Average movement rates of painted stones measured in the Japanese high mountains are 26.1 cm/yr. in Mt. Shirouma, 21.7 cm/yr. in the Kitakami Mountains, and 39.7 cm/yr. in Mt. Hoh-o (Fig. 2). These rates are one figure faster than those of Spitsbergen. Deformation features of painted stone-lines are classified mostly into two patterns, one a festoon type and the other a parallel type (Fig. 7). The parallel type occurs on slopes mantled with thick surface rubble of coarse size. The festoon type is recognized on slopes mantled with thin surface rubble and fine materials.
The vertical profiles of many flexible tubes from the above-mentioned mountains on which they were inserted to become almost negligible at about 30-40 cm in depth (Fig. 8). This depth is about one half as shallow as that of Spitsbergen.
Freeze-thaw cycles in the Japanese high mountains overlap with diurnal ones and annual ones, especially those occurring in very high frequency (Fig. 9; Table 3). Movements on the slopes covered with thin rubble and fine materials are caused by diurnal and annual cycles. On these slopes deformations of painted stone-lines show the festoon pattern, and the movement rates are faster than those on slopes consisting of coarse rubble, which almost all move in annualfreeze-thaw cycles.

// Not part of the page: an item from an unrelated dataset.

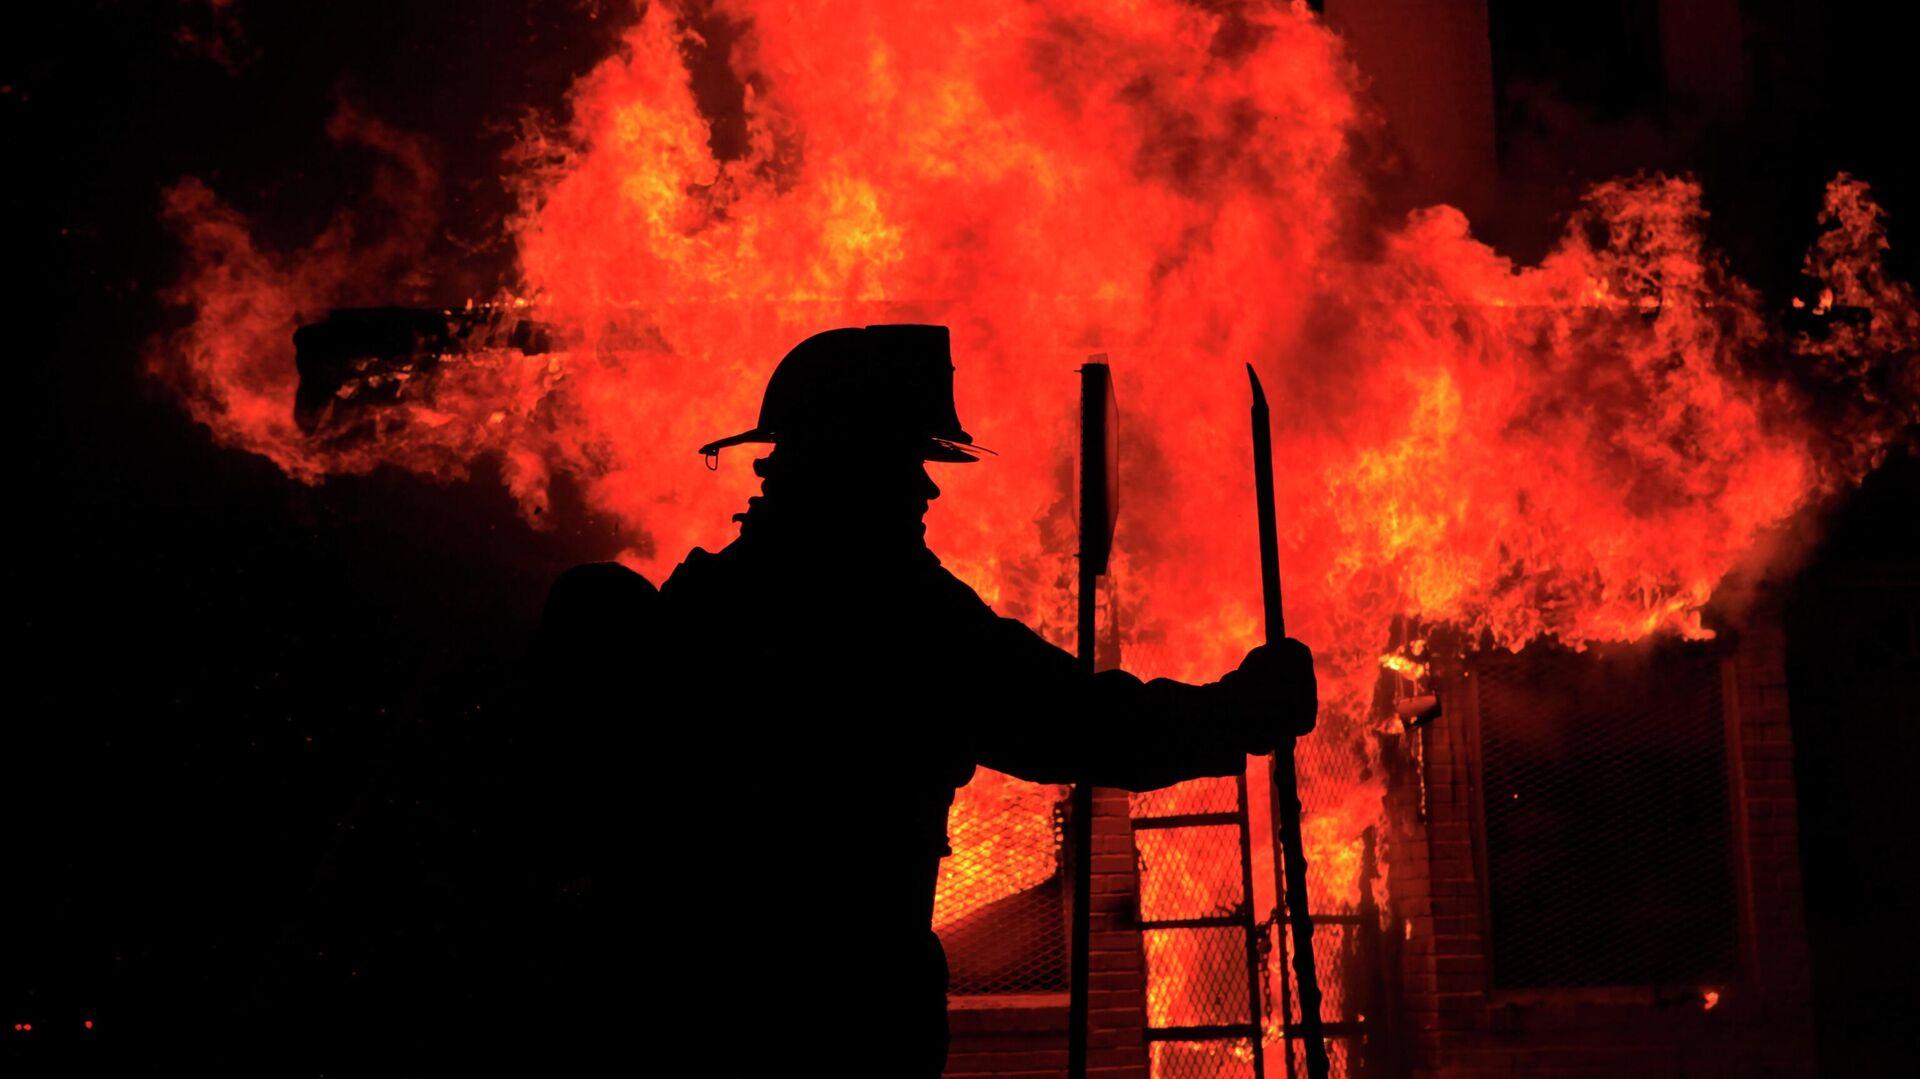 Feuerwehr in den USA (Archiv) - SNA, 1920, 28.07.2021

Considering the above mentioned results, in Spitsbergen differences incompositions of slope materials do not reflect movement processes and the rate of movement, because movement of slope materials occurs in almost annual freeze-thaw cycles. On the other hand, in the Japanese high mountains movement of slope materials occurs in two different freeze-thaw cycles, which are annual and diurnal ones.